[Exercise directions] Search the entries below for "statue" and copy each matching line.

[Items listed in a dataset]
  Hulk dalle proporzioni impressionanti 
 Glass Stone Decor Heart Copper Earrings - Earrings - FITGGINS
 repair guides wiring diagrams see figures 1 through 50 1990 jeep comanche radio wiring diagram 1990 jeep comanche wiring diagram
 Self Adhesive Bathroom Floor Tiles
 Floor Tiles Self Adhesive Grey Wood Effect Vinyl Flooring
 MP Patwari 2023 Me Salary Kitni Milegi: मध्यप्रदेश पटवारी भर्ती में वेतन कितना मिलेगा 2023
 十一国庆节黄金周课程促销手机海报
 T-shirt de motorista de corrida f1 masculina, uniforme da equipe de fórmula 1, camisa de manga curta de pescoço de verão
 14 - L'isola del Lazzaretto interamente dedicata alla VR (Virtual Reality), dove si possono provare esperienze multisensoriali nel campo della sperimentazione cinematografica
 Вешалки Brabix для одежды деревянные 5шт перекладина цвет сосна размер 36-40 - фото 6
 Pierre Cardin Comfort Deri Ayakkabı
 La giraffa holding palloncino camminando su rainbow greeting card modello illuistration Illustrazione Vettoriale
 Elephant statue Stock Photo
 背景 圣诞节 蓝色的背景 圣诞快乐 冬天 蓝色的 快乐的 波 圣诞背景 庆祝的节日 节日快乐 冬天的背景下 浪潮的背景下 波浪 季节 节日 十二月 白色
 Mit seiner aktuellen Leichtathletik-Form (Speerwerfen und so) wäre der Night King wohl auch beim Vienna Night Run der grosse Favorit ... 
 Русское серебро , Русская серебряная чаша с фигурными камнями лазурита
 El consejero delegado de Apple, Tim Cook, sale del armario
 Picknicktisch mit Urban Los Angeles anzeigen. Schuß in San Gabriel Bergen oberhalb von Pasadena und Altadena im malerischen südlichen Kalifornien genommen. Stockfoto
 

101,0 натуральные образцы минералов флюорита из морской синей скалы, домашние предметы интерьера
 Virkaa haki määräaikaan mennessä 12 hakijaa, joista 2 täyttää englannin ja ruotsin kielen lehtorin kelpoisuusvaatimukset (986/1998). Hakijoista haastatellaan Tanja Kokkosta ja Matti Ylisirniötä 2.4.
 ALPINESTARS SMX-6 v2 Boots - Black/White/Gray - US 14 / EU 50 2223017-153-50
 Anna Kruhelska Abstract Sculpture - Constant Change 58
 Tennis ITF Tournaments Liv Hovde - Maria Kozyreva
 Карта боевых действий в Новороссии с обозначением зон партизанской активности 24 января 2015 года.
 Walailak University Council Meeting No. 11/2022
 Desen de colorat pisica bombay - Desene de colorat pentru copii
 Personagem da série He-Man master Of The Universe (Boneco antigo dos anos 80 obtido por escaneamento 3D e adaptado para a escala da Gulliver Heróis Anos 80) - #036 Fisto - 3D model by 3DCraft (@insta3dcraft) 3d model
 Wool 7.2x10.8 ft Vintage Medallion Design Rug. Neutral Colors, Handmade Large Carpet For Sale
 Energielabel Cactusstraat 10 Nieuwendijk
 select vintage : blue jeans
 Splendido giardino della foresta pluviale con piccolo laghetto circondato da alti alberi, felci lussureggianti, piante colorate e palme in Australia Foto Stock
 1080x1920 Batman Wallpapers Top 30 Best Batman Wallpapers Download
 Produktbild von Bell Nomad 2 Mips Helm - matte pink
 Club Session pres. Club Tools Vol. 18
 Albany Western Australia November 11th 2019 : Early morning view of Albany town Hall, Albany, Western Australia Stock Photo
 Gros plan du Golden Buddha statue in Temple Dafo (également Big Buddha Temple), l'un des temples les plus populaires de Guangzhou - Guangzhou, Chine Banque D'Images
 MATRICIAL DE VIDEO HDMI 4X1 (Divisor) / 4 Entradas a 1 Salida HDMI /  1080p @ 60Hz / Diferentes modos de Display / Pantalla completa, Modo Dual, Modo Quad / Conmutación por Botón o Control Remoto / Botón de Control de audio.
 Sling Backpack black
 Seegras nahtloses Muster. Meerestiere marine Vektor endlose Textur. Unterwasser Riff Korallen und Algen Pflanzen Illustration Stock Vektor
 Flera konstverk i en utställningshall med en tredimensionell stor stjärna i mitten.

[Answer for the task]
 Elephant statue Stock Photo
 Gros plan du Golden Buddha statue in Temple Dafo (également Big Buddha Temple), l'un des temples les plus populaires de Guangzhou - Guangzhou, Chine Banque D'Images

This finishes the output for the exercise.